From The Rabbi's Desk



As human beings, we need a sense of belonging, and that sense of belonging is what connects us to the many relationships we develop. Members of a religious community come together to support each other, learn from each other, inspire each other, to feel a sense of fellowship and safety.

The word ‘sanctuary’ comes from the from Latin sanctuarium, from sanctus ‘holy’. When we enter a Jewish house of worship, we are supposed to say: Mah tovu ohalecha Ya’akov... - How beautiful are your tents, Jacob. It is an acknowledgement that we have moved from secular space to a holy place. One definition is that a sanctuary is a place of refuge or safety. Another is that it is a holy place. That is how I envision a religious community: a safe and holy space to commune with each other and God.

To this end, you may have noticed that I do not preach politics - except to exhort you to VOTE twice a year.

I’m very into politics. I actually pay attention to what’s going on in the world and I’m very adamant about my views. However, it would have to be a very rare occasion for you to find out what my political party was or who I’m voting for.

Politics always begins arguments; even if you and the person you’re speaking with have similar views. Not everyone has the same opinion, and this goes for many different topics, but for some reason politics gets everyone all riled up. Your particular views are your particular views. Fine. No one can or wants to change that, but I feel they have no place in our religious home.

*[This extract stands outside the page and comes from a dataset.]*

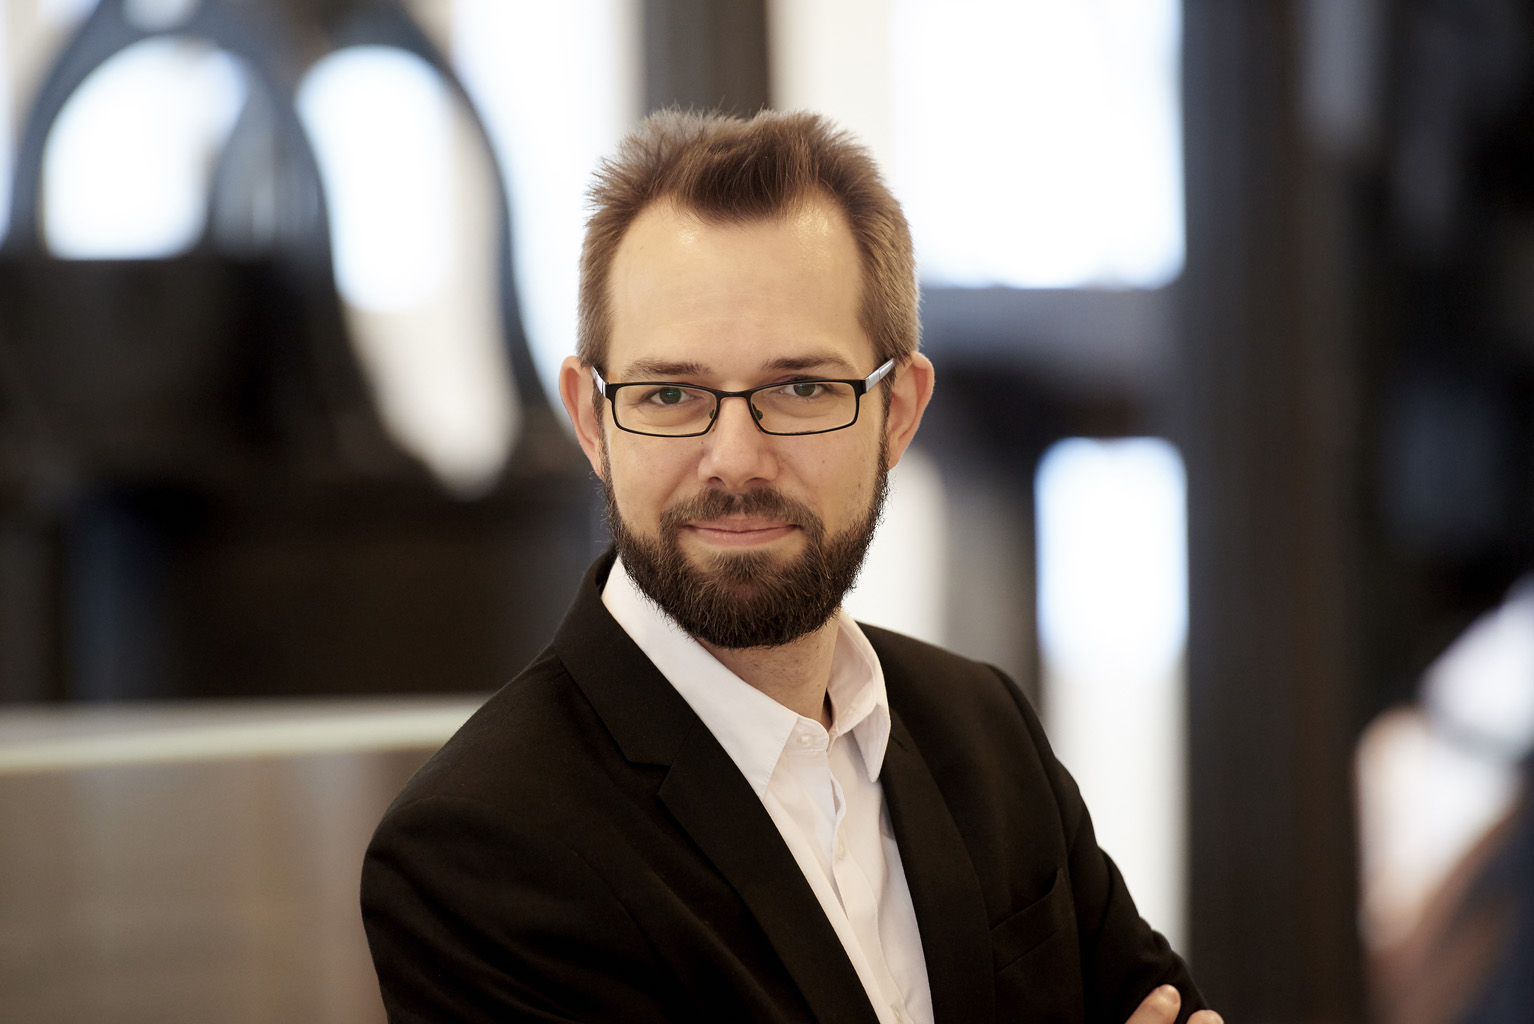 Roman Gerhardt

These are sanctuaries and need to be safe places.

When one is hurt in a sanctuary, the wound is twice as painful because we feel that we should have been in a safe place.

In the words of the Rabbis, “A loose tongue is like an arrow. Once it is shot, there is no holding it back.” The Midrash notes that five times, the word “Torah,” teaching, is used to refer to ‘tzara’at’ - leprosy. From this superfluous repetition, the sages derive that “one who utters evil reports is considered in violation of the entire five books of the Torah.”

A marvelous tale is told of a wandering merchant who came into a town square, offering to sell the elixir of life. Of course, large crowds would surround him, each person eager to purchase eternal youth. When pressed, the merchant would bring out the Book of Psalms, and show them the verse “Who desires life? Keep your tongue from evil and your lips from guile.” (Psalm 34)

In an age awash in corrosive mistrust and an alienating sense of loneliness and isolation, there is little hope of establishing real community until we learn to speak a new language – one of responsibility, kindness and compassion.

Learning to control our speech will enable us to transform the world into a community that respects the shared humanity of all people. There are so few safe places in this acrimonious and strife-filled world. Be a part of a sacred space and a sacred people: a makom hakodesh and an am kadosh. Be part of the change.